Attack-in-Depth: Breaking AI Defenses with AiDx


The last post made the case that AI guardrails tend to fail for the same reason, and that attackers beat them by chaining. AiDx is the tool we built to do that chaining on purpose. The name stands for Adversarial, in Depth, by eXperiments, and “in depth” is the whole point. If the defense is layered, the attack has to be too.

AiDx is not a full pentest framework, and it does not try to be. It finds the AI-layer foothold and hands off. Once a chain breaches, the rest of the engagement runs on the usual toolkit: Burp, custom scripts, whatever you already use. AiDx’s job is the entry vector those tools cannot reach on their own.

Three layers, composable

AiDx treats an attack as three layers you mix and match, each aimed at a different kind of defense.

Layer 1 is structural: how you wrap the payload. Spotlighting and anti-spotlighting, end-sequences, instruction prefixes, document wrappers. This layer goes after delimiting and the model’s parsing, the same delimiting defenders lean on for spotlighting.

Layer 2 is evasion: how you encode the payload. Around fifty transforms (base64, leetspeak, homoglyphs, morse, translation, and so on), and you can chain them. This layer beats input filters and keyword-matching classifiers.

Layer 3 is strategy: how you drive the attack over time. Best-of-n, crescendo, a RAG poisoner, an LLM-driven jailbreaker. These run at execution time and go after stateful defenses and single-shot classifiers, the controls a one-shot payload never touches.

A real bypass is usually one item from each layer, combined into a single chain. That is the part manual testing gets tedious fast, and the part AiDx makes quick.

How we actually use it

Most of the work happens in research mode, which is interactive.
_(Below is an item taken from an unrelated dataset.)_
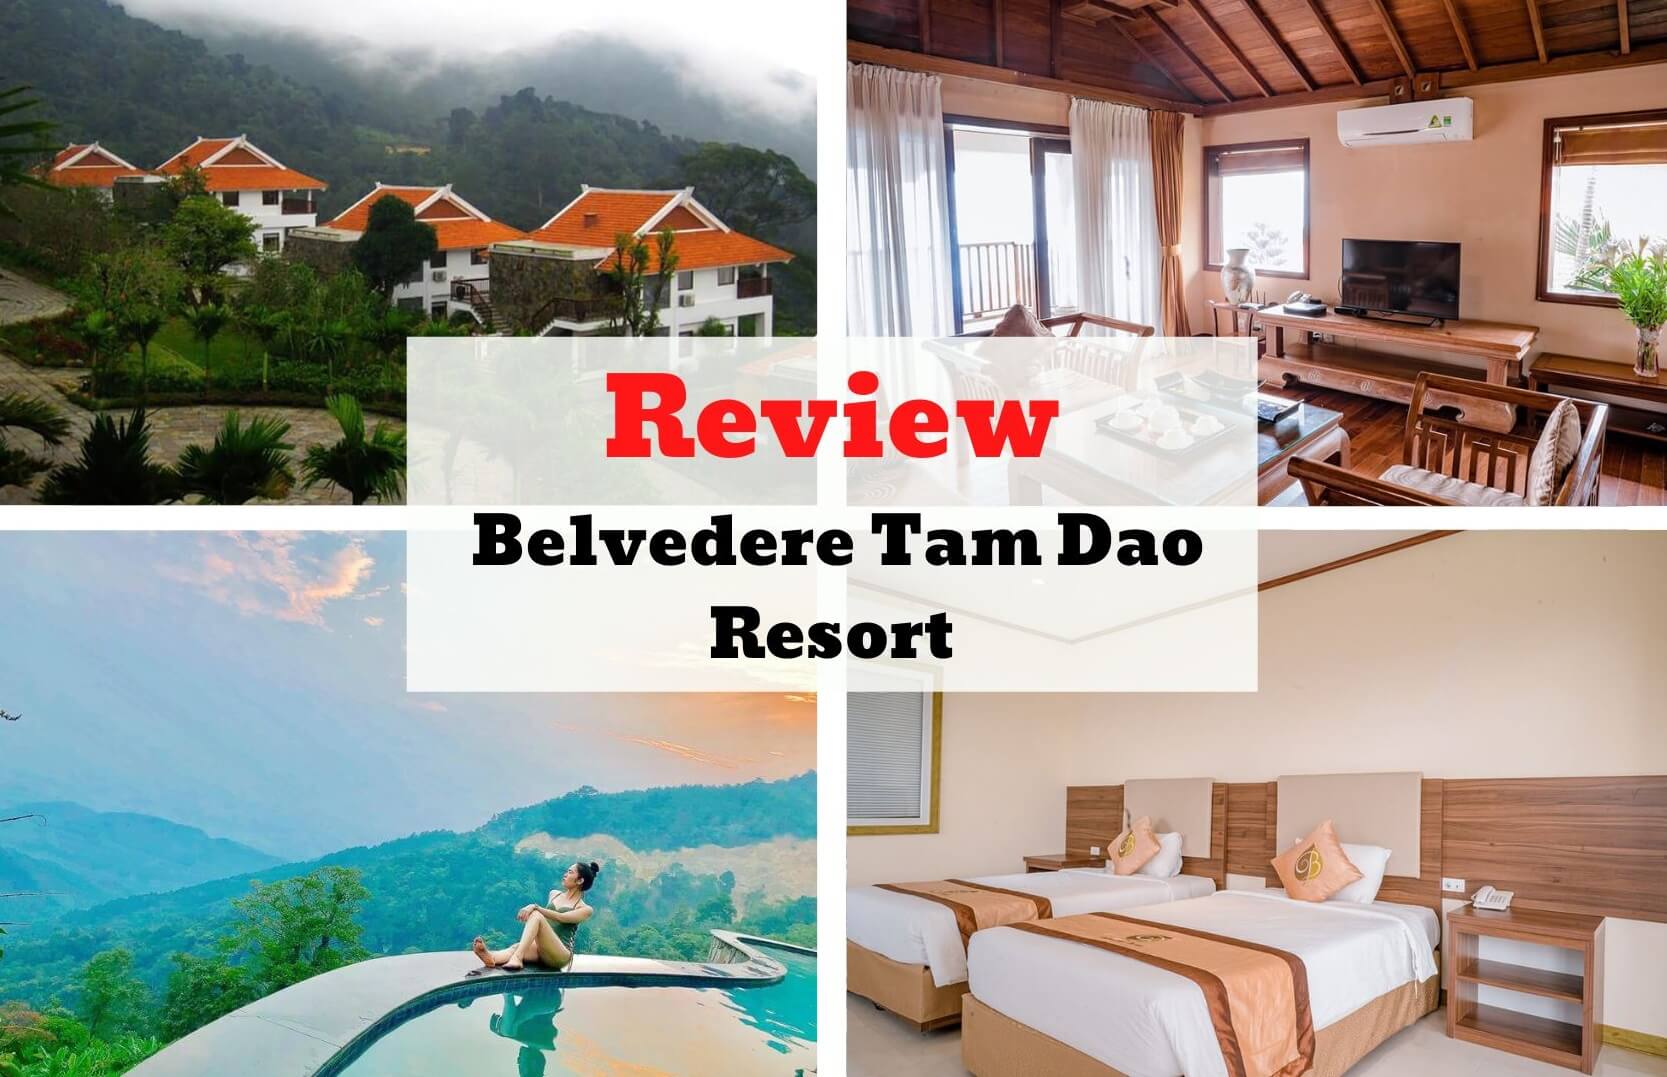 Review Belvedere Tam Dao Resort - Thiên đường thơ mộng tại Tam Đảo

You poke the target, watch how it responds, adapt the payload, chain in an evasion or a strategy, and keep going until one combined chain gets through. You stay in the loop the whole time. The output is not a score, it is a working chain, and that chain becomes the AI-layer foothold for the engagement.
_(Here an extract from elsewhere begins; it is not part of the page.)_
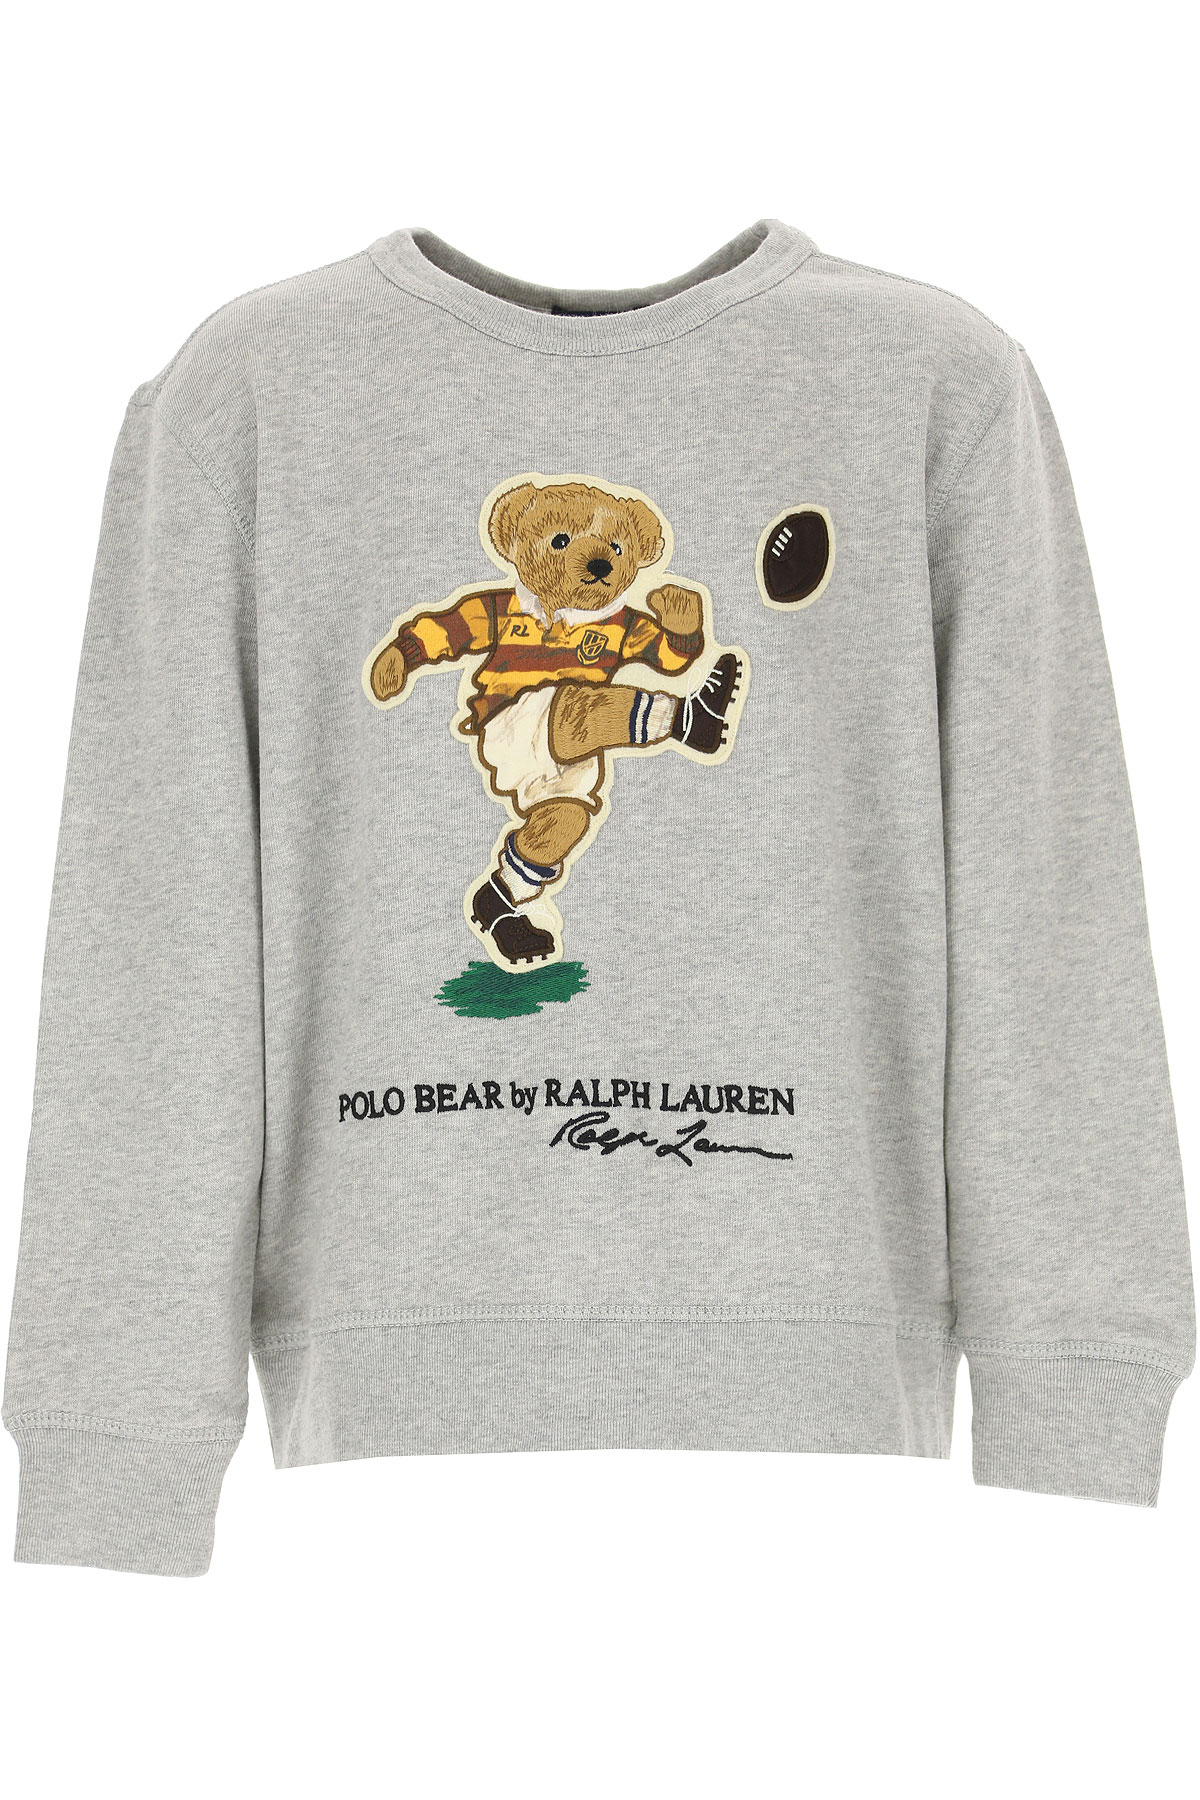 Ralph Lauren Kinder Sweatshirt & Kapuzenpullover für Jungen Günstig im Sale, Grau, Baumwolle, 2017, 5Y 6Y 7Y

There is a benchmark mode for the other half of the job. Replay a chain, or a built-in suite, against a target and line the results up against the frameworks clients ask about: OWASP LLM Top 10, EU AI Act, NIST AI RMF, MITRE ATLAS, ISO/IEC 42001, GDPR. The same attack work becomes a deliverable a client can act on.

One more mode worth calling out: you can point AiDx at a guardrail directly, not just the app behind it. If a classifier or filter sits in front of the model, you can test that layer on its own and learn exactly what gets past it before you touch the real target.

Why this shape

The design follows from the previous post. Guardrails are layered and probabilistic, so a single payload is the wrong tool for the job. You want to break each layer with the technique built for it, learn what that layer actually does, then assemble the pieces. Attack in depth, because the defense is in depth. AiDx is that idea with the tedious parts automated.